Tom Johansmeyer, assistant vice president of PCS Strategy and Development, commented on the launch; “Our clients have expressed considerable interest in using PCS Turkey catastrophe loss estimates in risk transfer. With the historical database now in place, we’re prepared to help our clients take the next step and complete the transactions they need to improve their risk and capital management for the region.”

PCS Turkey provides data on aggregate insured loss estimates covering five catastrophe events going back to the İzmit and Düzce earthquakes of 1999, including the two 2011 Van earthquakes and the 2009 Marmara flood.

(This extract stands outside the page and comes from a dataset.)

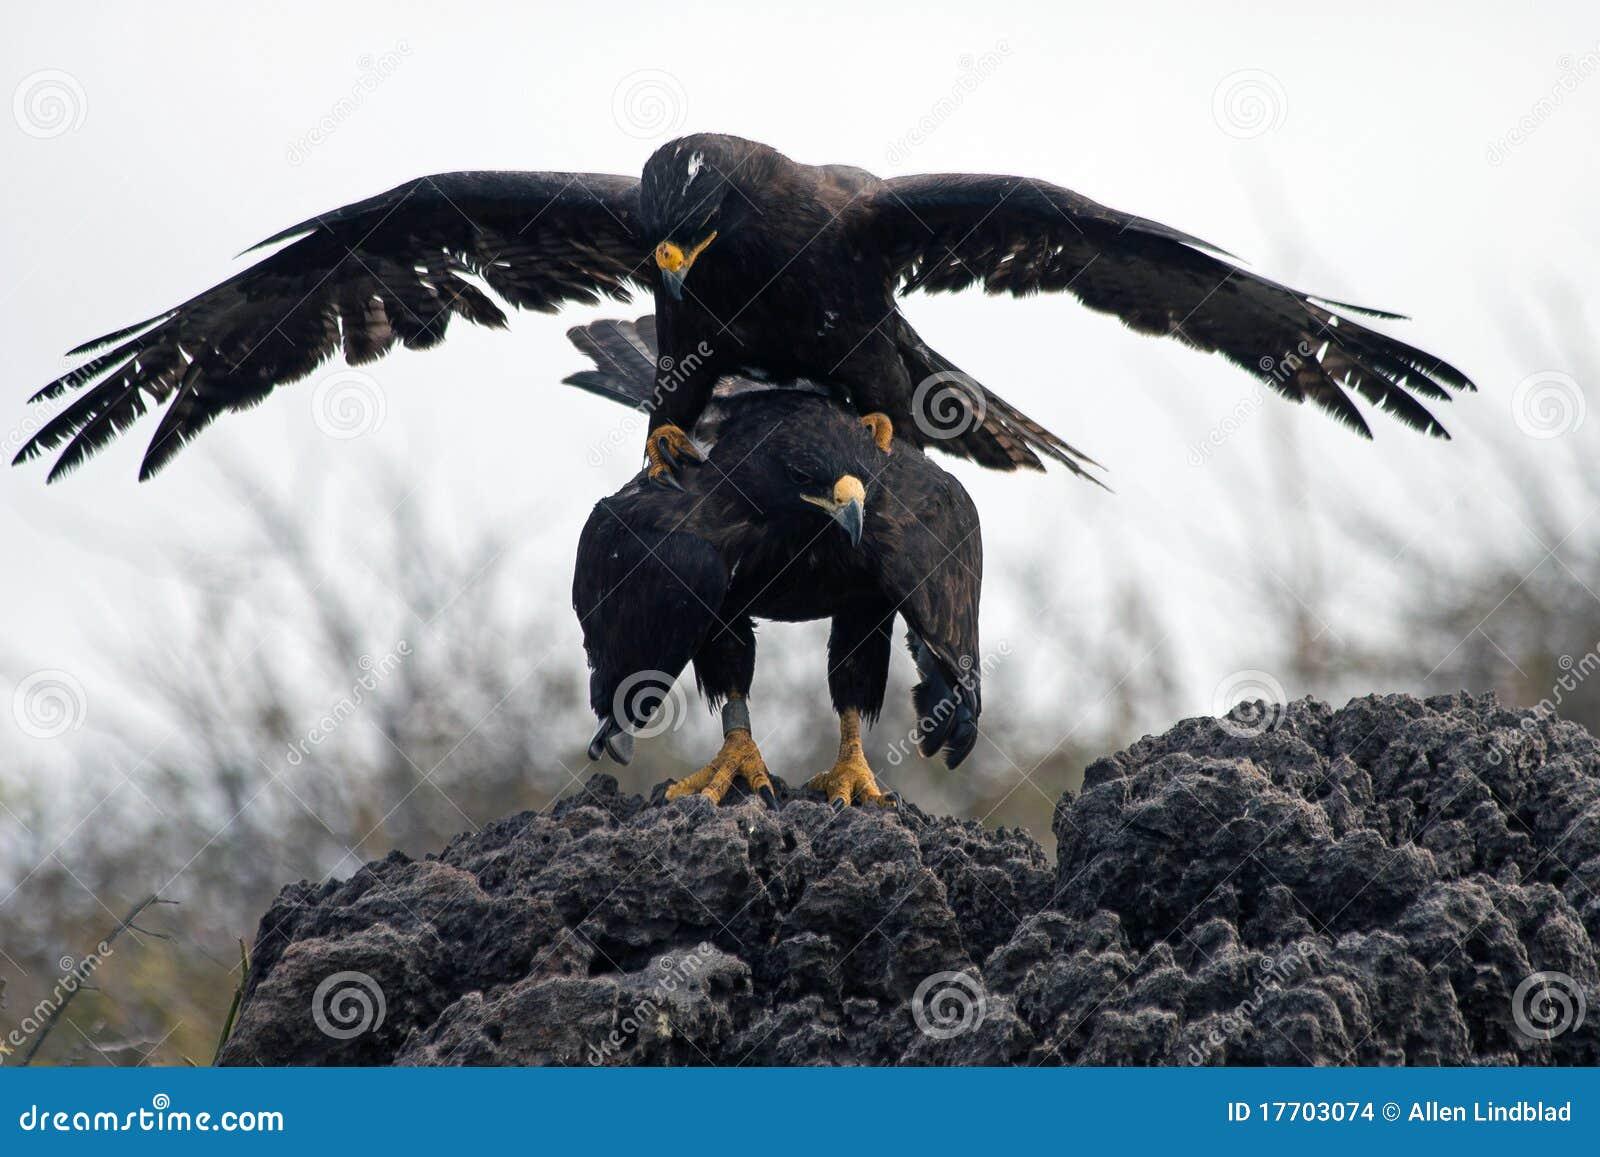 Mating Galapagos Hawks Stock Photo Image Of Couple, Birds - 17703074-8908
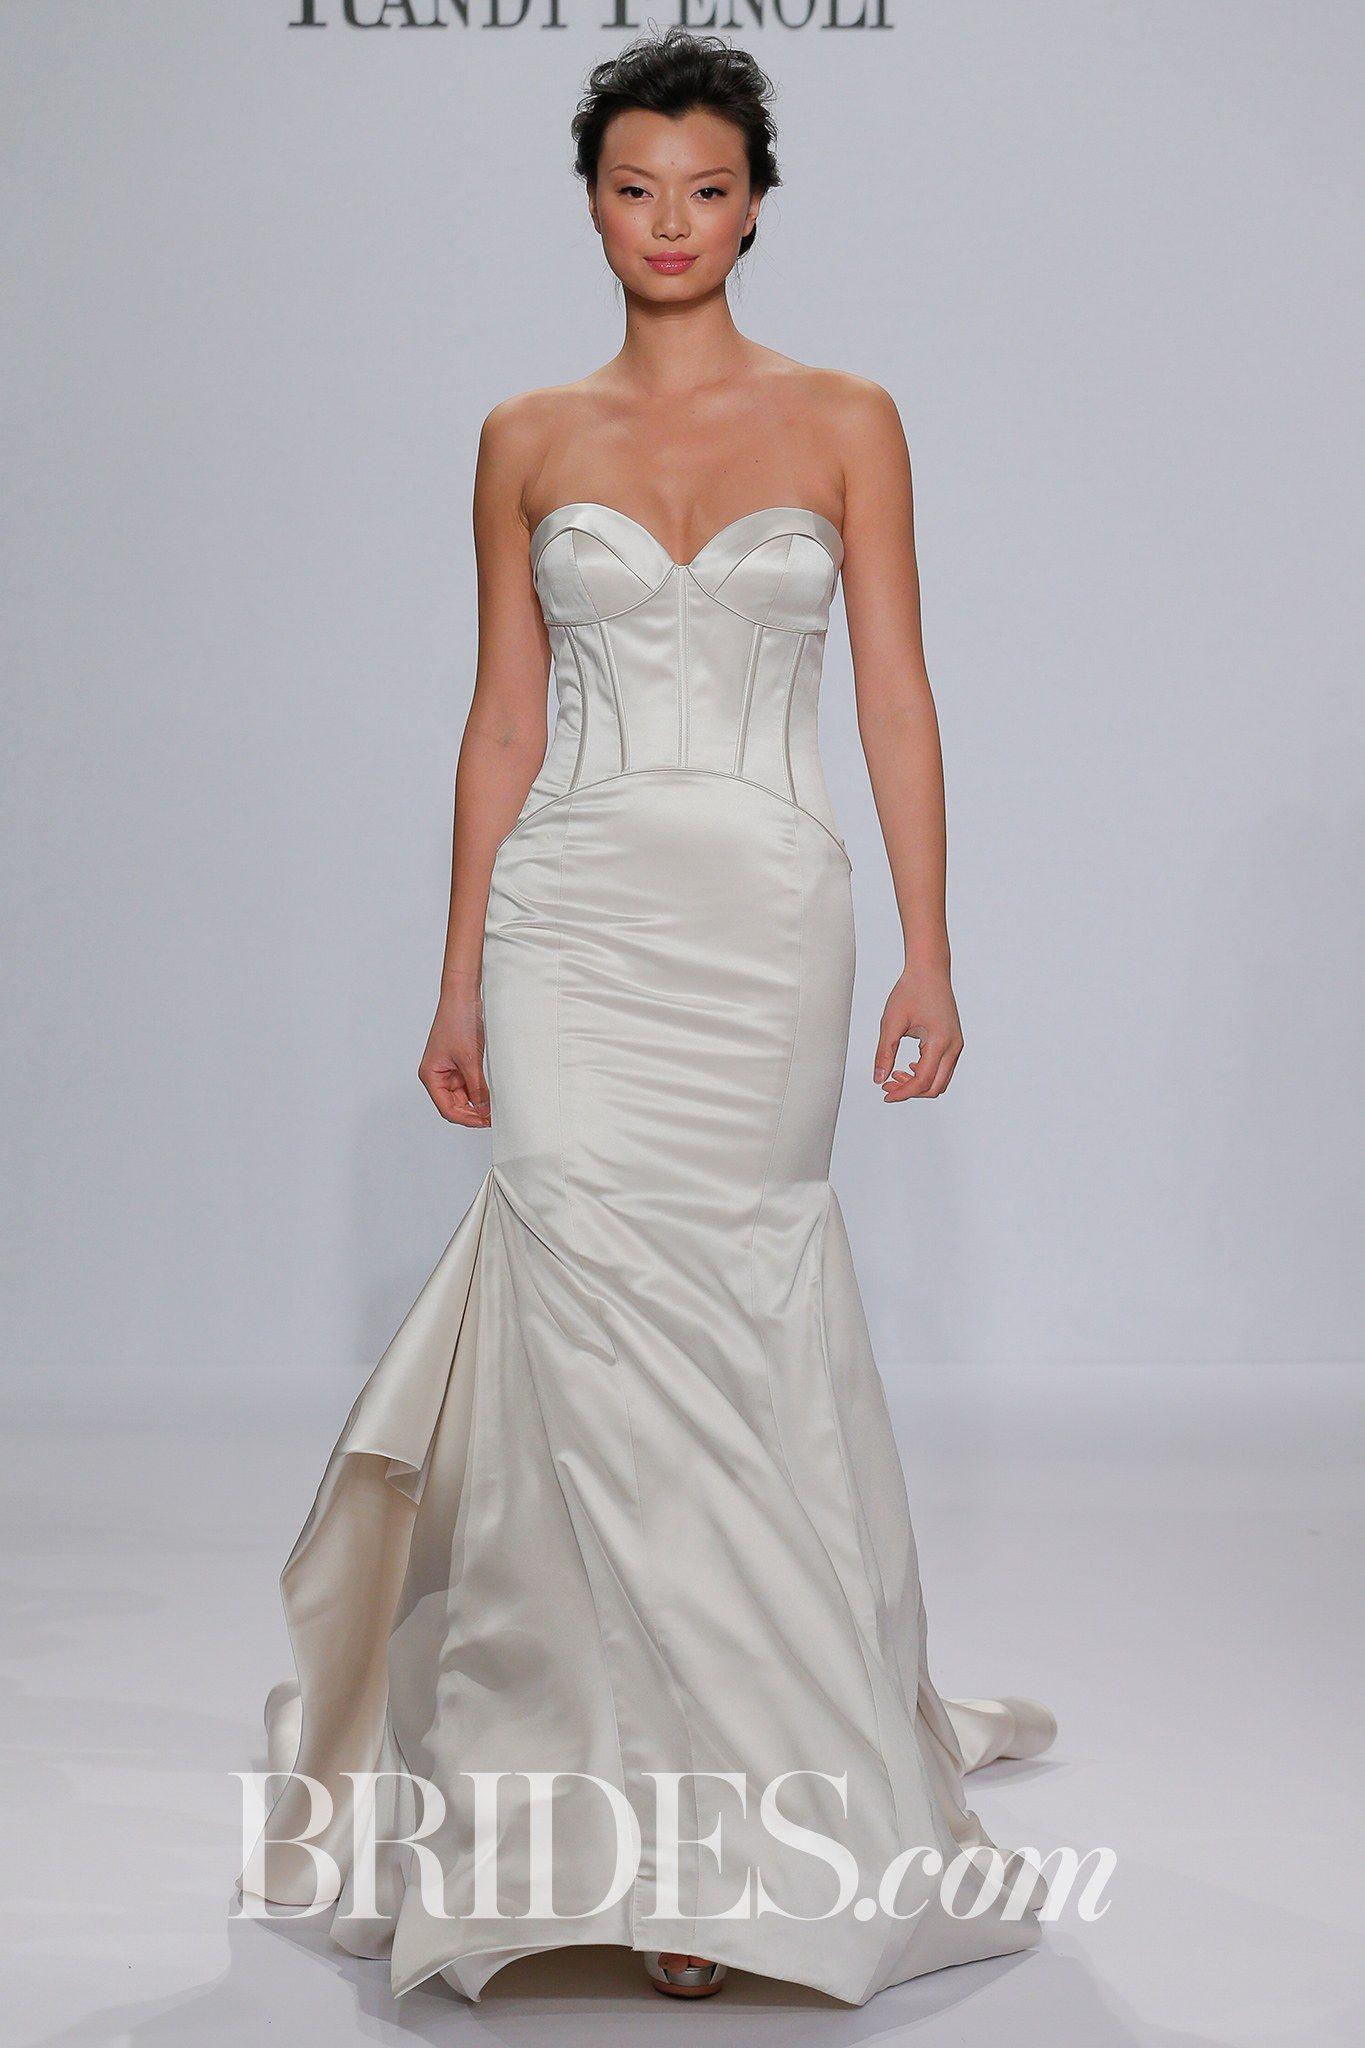 Buy Dresses wedding kleinfeld picture trends

Importantly, the service also offers industry-wide insured loss estimates for three events that did not qualify as PCS-designated catastrophe events, but data on which will still be valuable to the global insurance and reinsurance industry.

Earthquake is unsurprisingly the most frequent catastrophe event type in the data set. But PCS Turkey also covers other natural perils and has an estimate for losses from the 2009 Marmara flood that was a PCS designated catastrophe event, as well as two other flood events that did not meet PCS’ TRY30 million threshold for catastrophe designation.

PCS Turkey will include all future events that meet the catastrophe definition standard, so covering all natural and man-made perils. This could be extremely valuable to the local market, providing rigour and visibility of catastrophe loss events and helping the Turkish insurance industry to better understand the exposure within the country based on event experience.

Additionally, covering all natural and man-made perils will provide broad scope for industry-loss based risk transfer, which could be attractive to global reinsurance firms for retrocession, ILS funds and even insurance companies operating in the region.

Johansmeyer explained; “In Turkey, focusing on the full range of risks, rather than one peril, is the key to a successful loss aggregation platform—for both the historical database and the estimation of future losses. It’s easy to focus just on earthquake or flood, but excluding the other risks that could cause significant losses would still leave the industry exposed. That’s why we deliver on all natural and man-made perils.”

Ted Gregory, director of PCS Operations, added; “With the PCS Turkey historical database, insurers can get a better understanding of the post-event challenges they could face—from claims to actuarial. By setting the threshold for catastrophe definition at TRY30 million, we’re increasing the likelihood that insurers will get more market intelligence on a regular basis.”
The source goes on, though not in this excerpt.